The work is based on a relatively new concept in aging research: that chemical modifications to a person’s DNA over a lifetime create what is known as an epigenetic clock. Scientists have built a case that one such modification, the addition of methyl groups to specific DNA sequences, tracks human biological age—that is, the toll that disease, poor lifestyle, and genetics take on our bodies. As a result, some groups have converted a person’s DNA methylation status to an age estimate—or even a prediction of life expectancy (worrying ethicists, who say the data could be misused by forensic investigators and insurance companies).
Other species also undergo DNA methylation as they age. Mice, chimpanzees, wolves, and dogs, for example, all seem to have epigenetic clocks. To find out how those clocks differ from the human version, geneticist Trey Ideker of the University of California, San Diego, and colleagues started with dogs. Even though man’s best friends diverged from humans early in mammalian evolution, they’re a good group for comparison because they live in the same environments and many receive similar healthcare and hospital treatments.
All dogs—no matter the breed—follow a similar developmental trajectory, reaching puberty around 10 months and dying before age 20. But to increase their chances of finding genetic factors associated with aging, Ideker’s team focused on a single breed: Labrador retrievers.
They scanned DNA methylation patterns in the genomes of 104 dogs, ranging from 4 weeks to 16 years of age. Their analysis revealed that dogs (at least Labrador retrievers) and humans do have similar age-related methylation of certain genomic regions with high mutation rates; those similarities were most apparent when the scientists looked at young dogs and young humans or old dogs and old humans. Most importantly, they found that certain groups of genes involved in development are similarly methylated during aging in both species. That suggests at least some aspects of aging are a continuation of development rather than a distinct process—and that at least some of these changes are evolutionarily conserved in mammals, Ideker and colleagues report in a preprint posted online at bioRxiv.
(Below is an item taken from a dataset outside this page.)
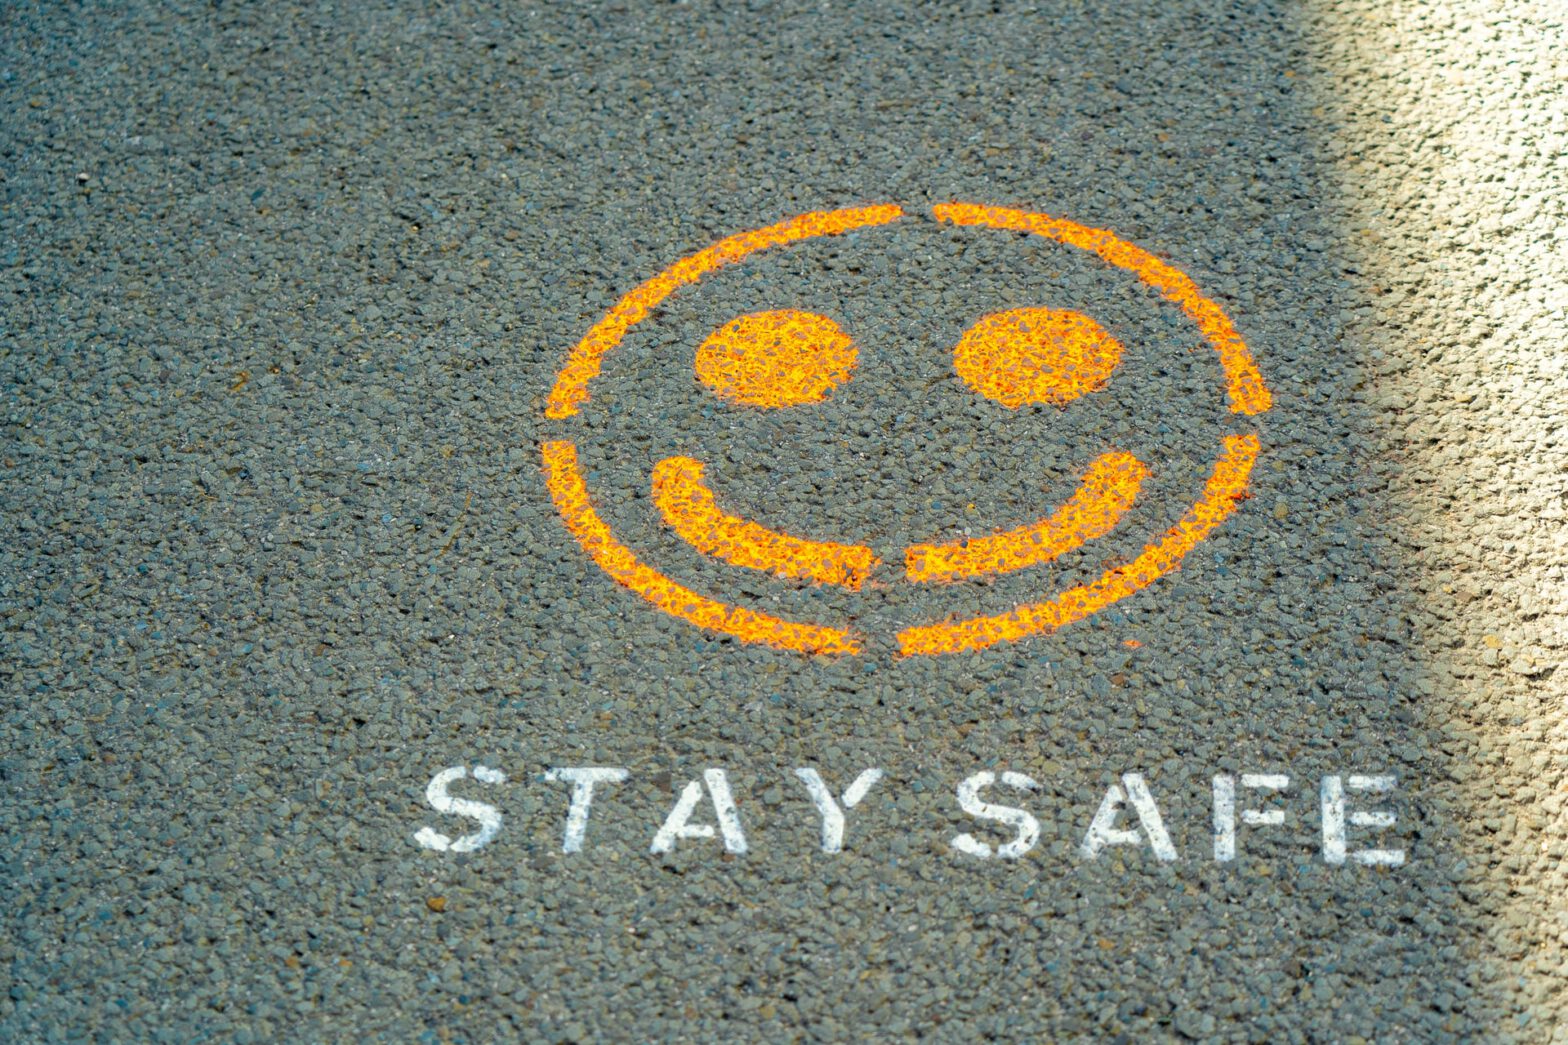 Stay safe Smiley

“We already knew that dogs get the same diseases and functional declines of aging that humans do, and this work provides evidence that similar molecular changes are also occurring during aging,” says Matt Kaeberlein, a biogerontologist at the University of Washington in Seattle, who was not involved with this research. “It’s a beautiful demonstration of the conserved features of the epigenetic age clocks shared by dogs and humans.”
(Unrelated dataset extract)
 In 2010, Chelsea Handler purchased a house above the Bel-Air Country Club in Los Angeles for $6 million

The research team also used the rate of the methylation changes in dogs to match it to the human epigenetic clock, although the resulting dog age conversion is a bit more complex than “multiply by seven.” The new formula, which applies to dogs older than one, says that a canine’s human age roughly equals 16 ln (dog age) + 31. (That’s the natural logarithm of the dog’s real age, multiplied by 16, with 31 added to the total.)